• [What to do]: Your reply must contain the full listing below, reproduced exactly, but no pictures.

START Information provided

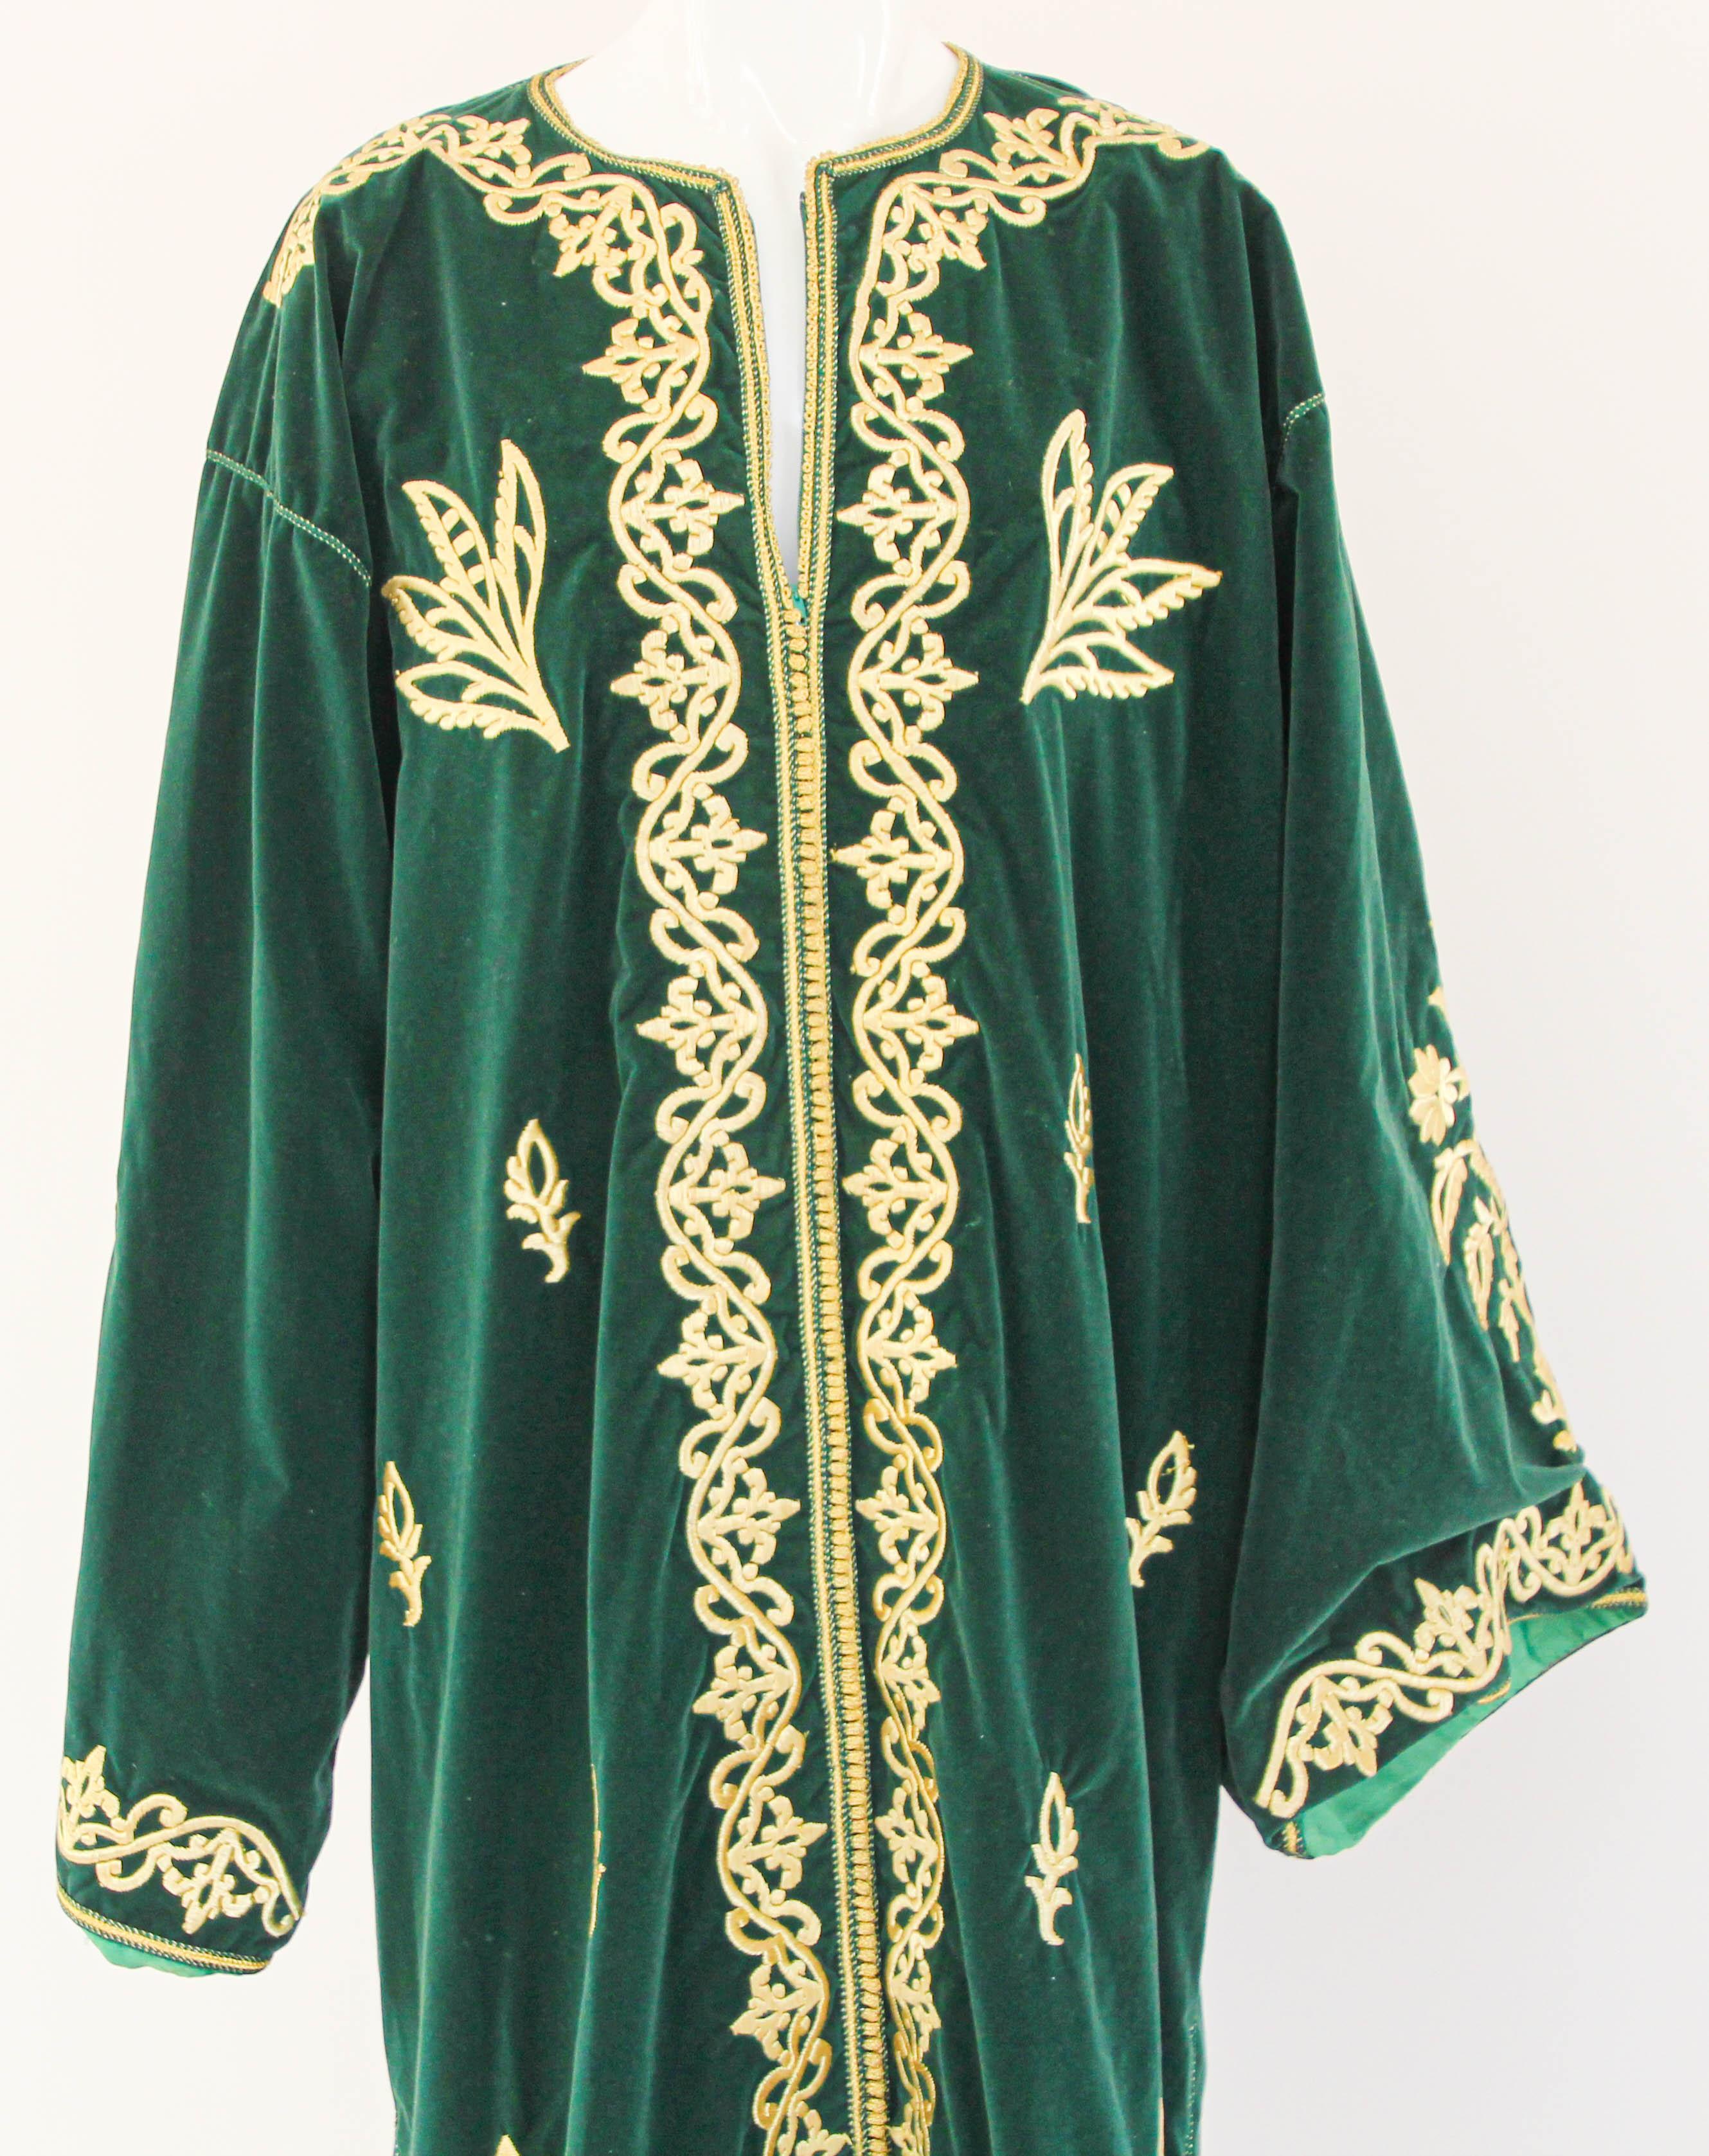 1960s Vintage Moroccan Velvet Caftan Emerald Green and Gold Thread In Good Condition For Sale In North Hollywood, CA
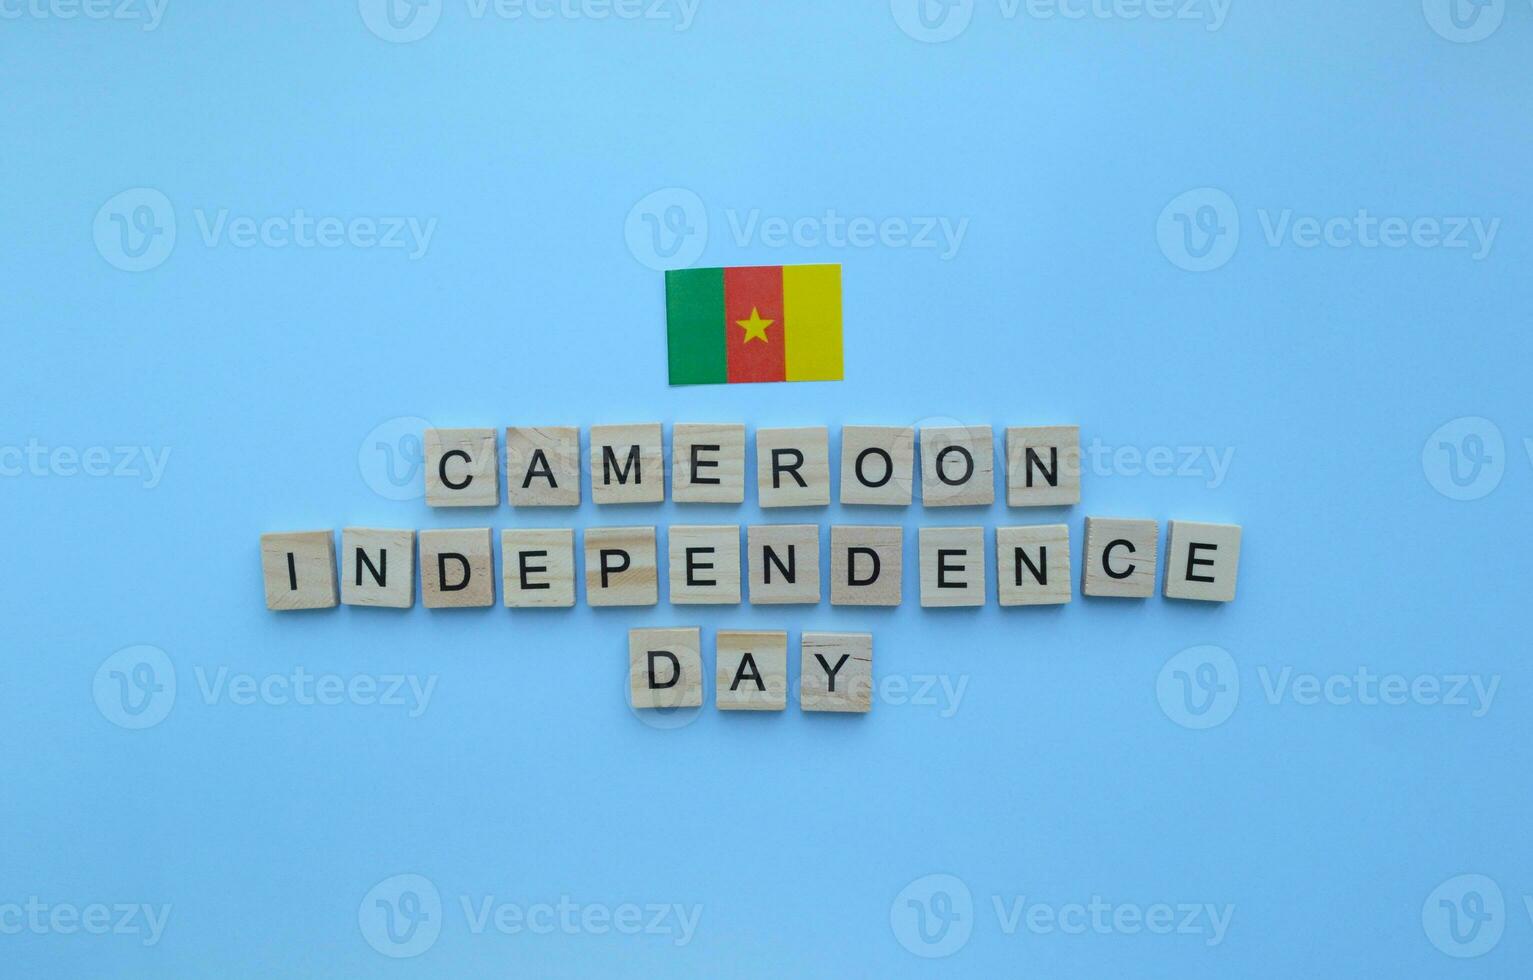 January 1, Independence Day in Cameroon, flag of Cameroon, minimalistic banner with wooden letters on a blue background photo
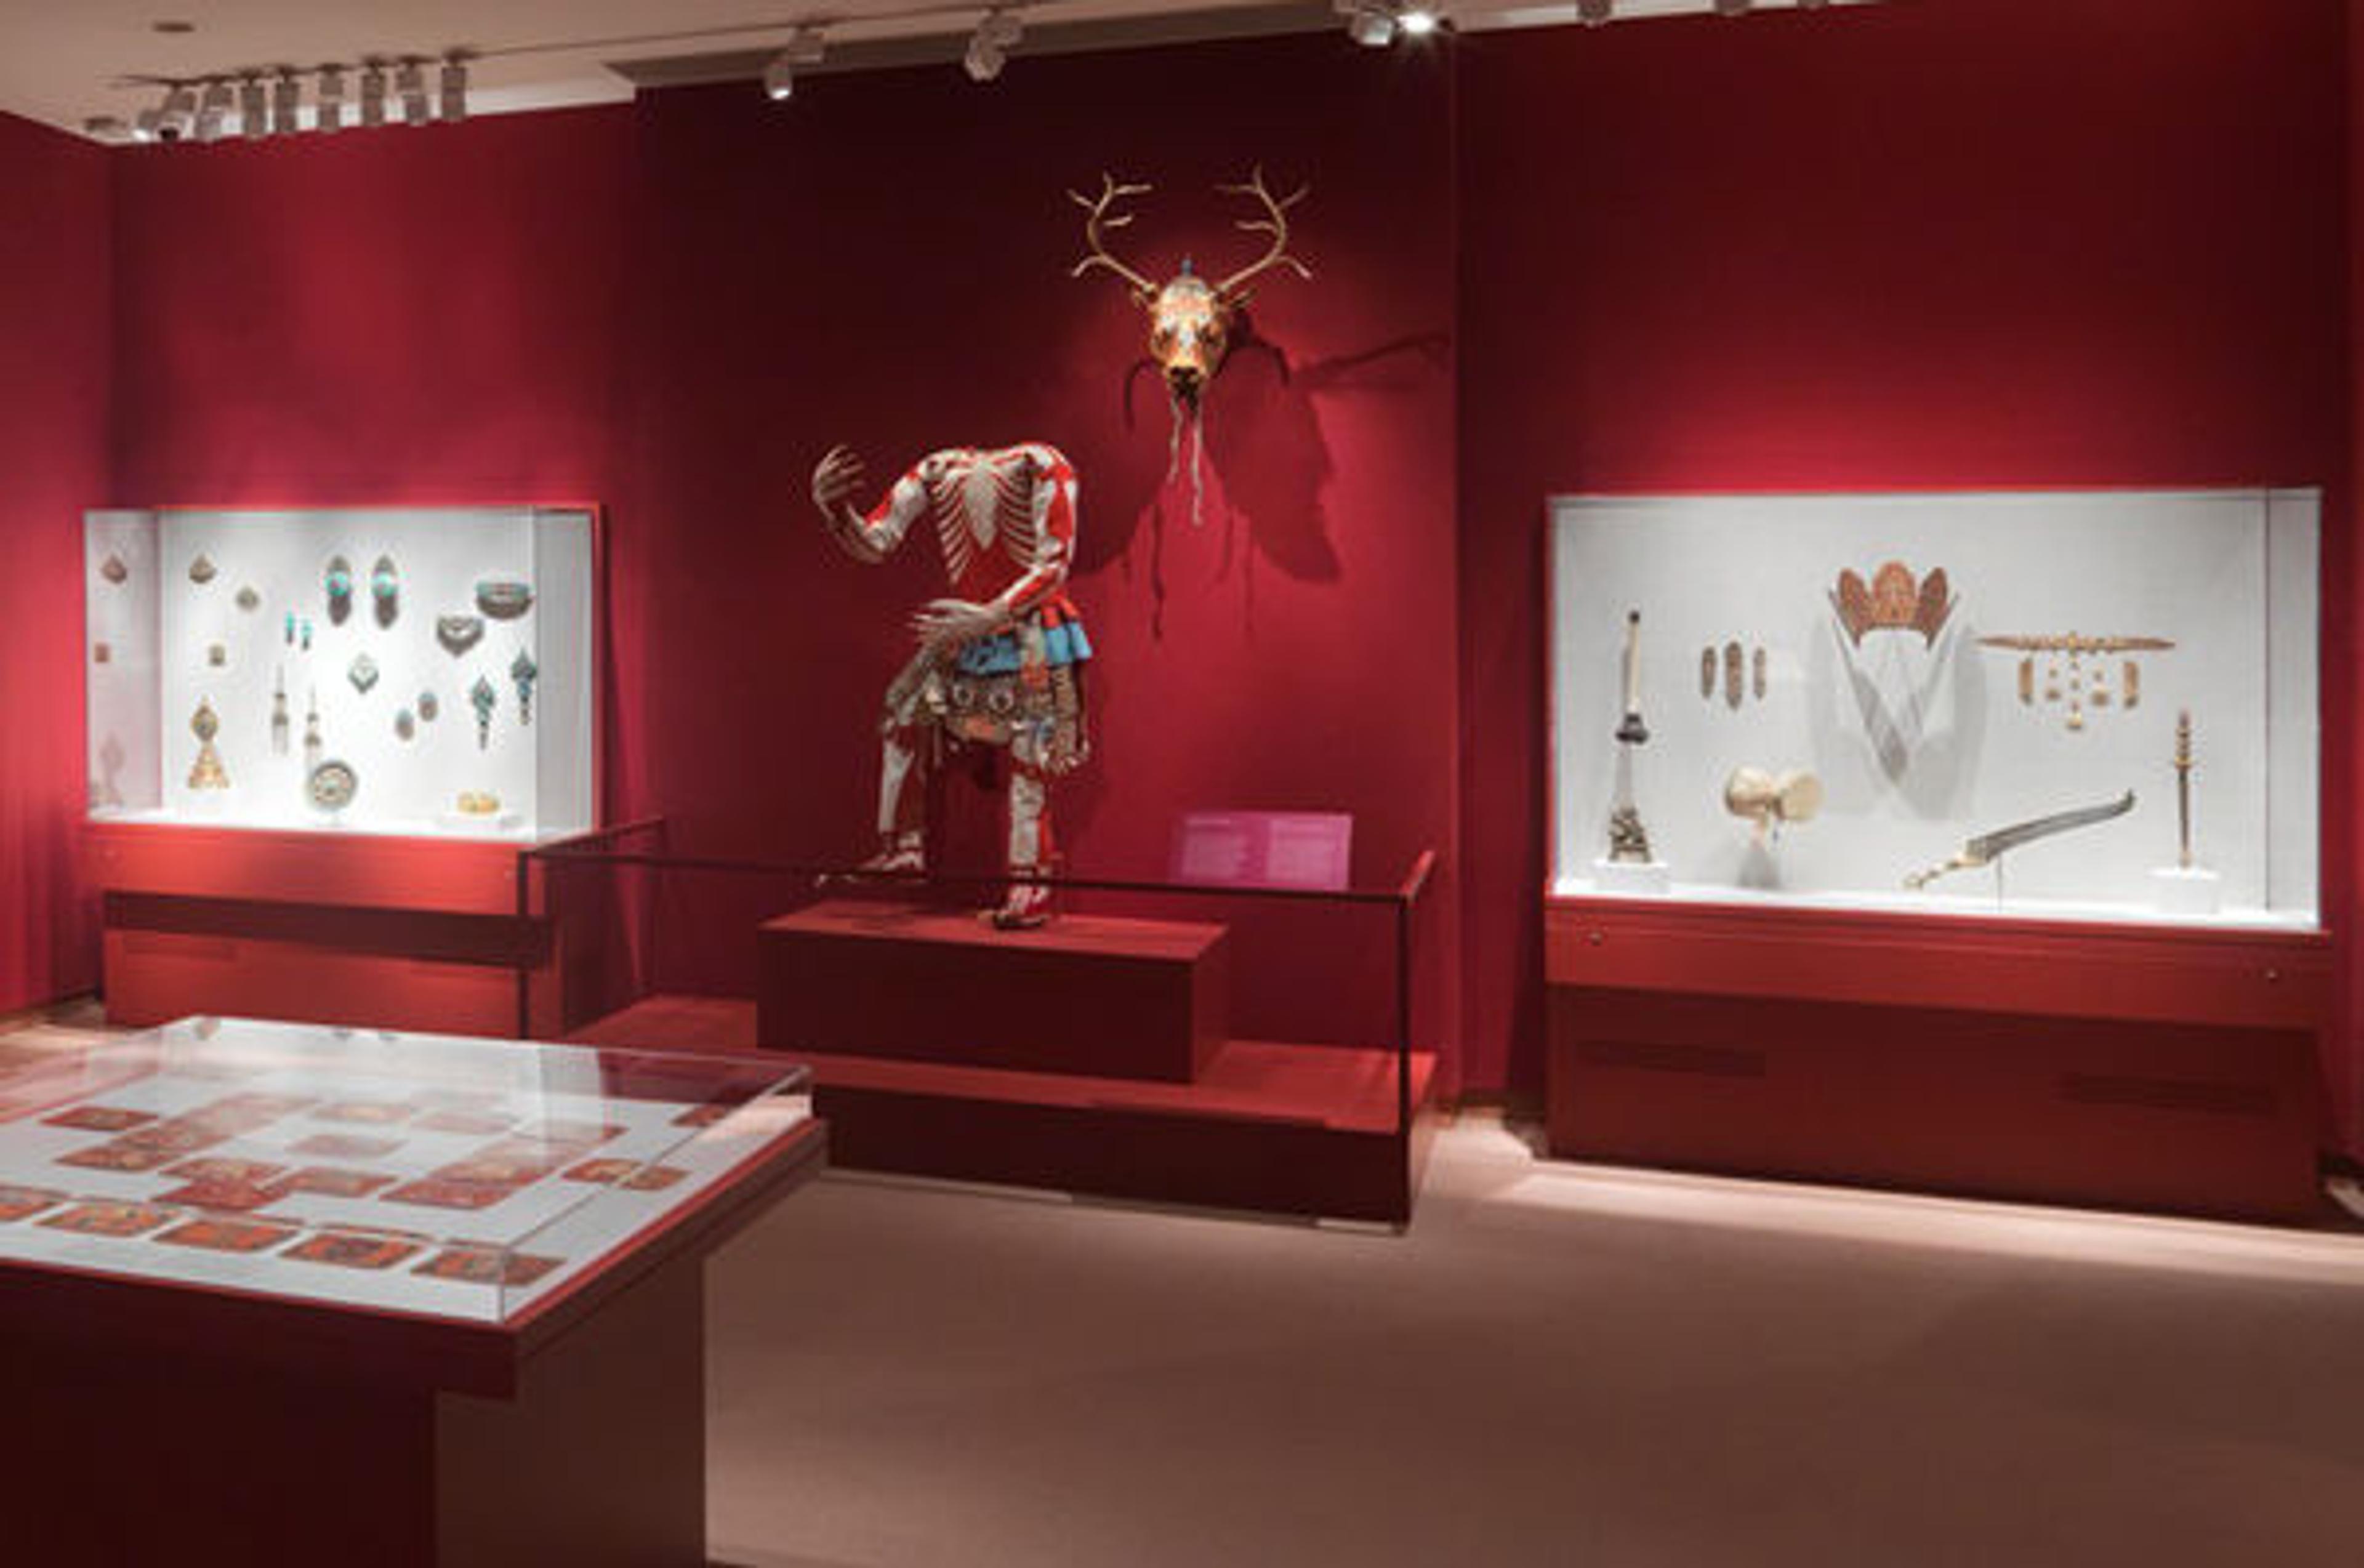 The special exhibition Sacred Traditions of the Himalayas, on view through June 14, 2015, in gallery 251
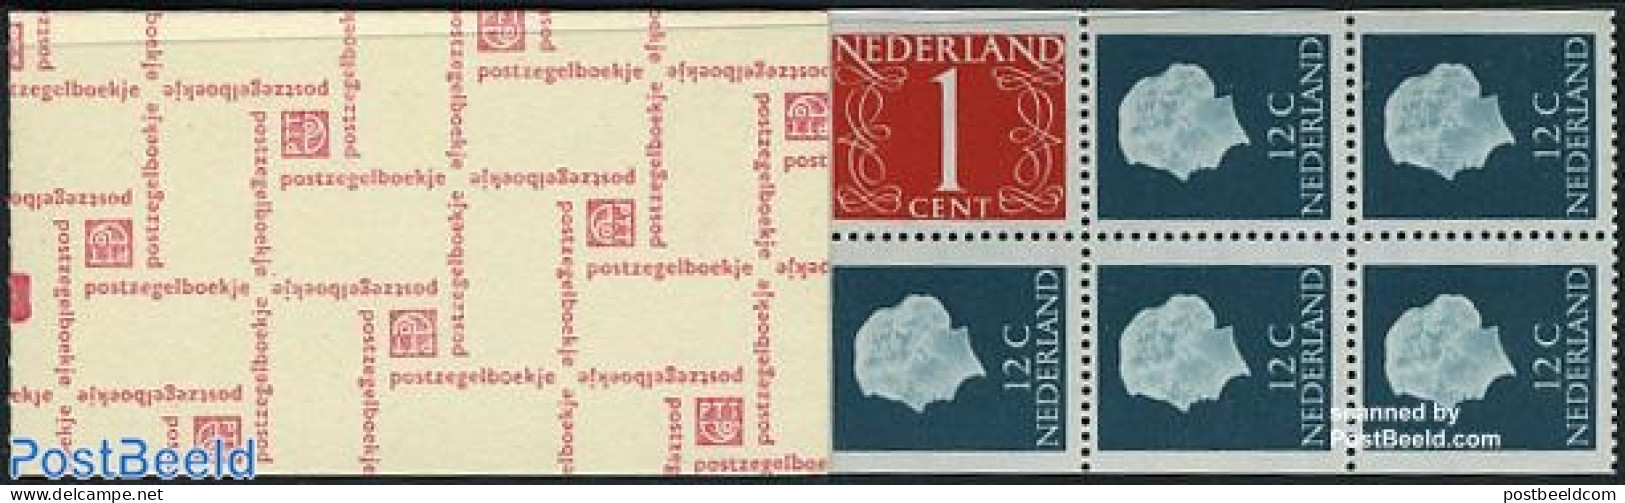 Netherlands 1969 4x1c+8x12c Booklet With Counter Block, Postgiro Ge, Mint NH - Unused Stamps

END Information provided

• [Task response]:
 1960s Vintage Moroccan Velvet Caftan Emerald Green and Gold Thread In Good Condition For Sale In North Hollywood, CA
 January 1, Independence Day in Cameroon, flag of Cameroon, minimalistic banner with wooden letters on a blue background photo
 The special exhibition Sacred Traditions of the Himalayas, on view through June 14, 2015, in gallery 251
 Netherlands 1969 4x1c+8x12c Booklet With Counter Block, Postgiro Ge, Mint NH - Unused Stamps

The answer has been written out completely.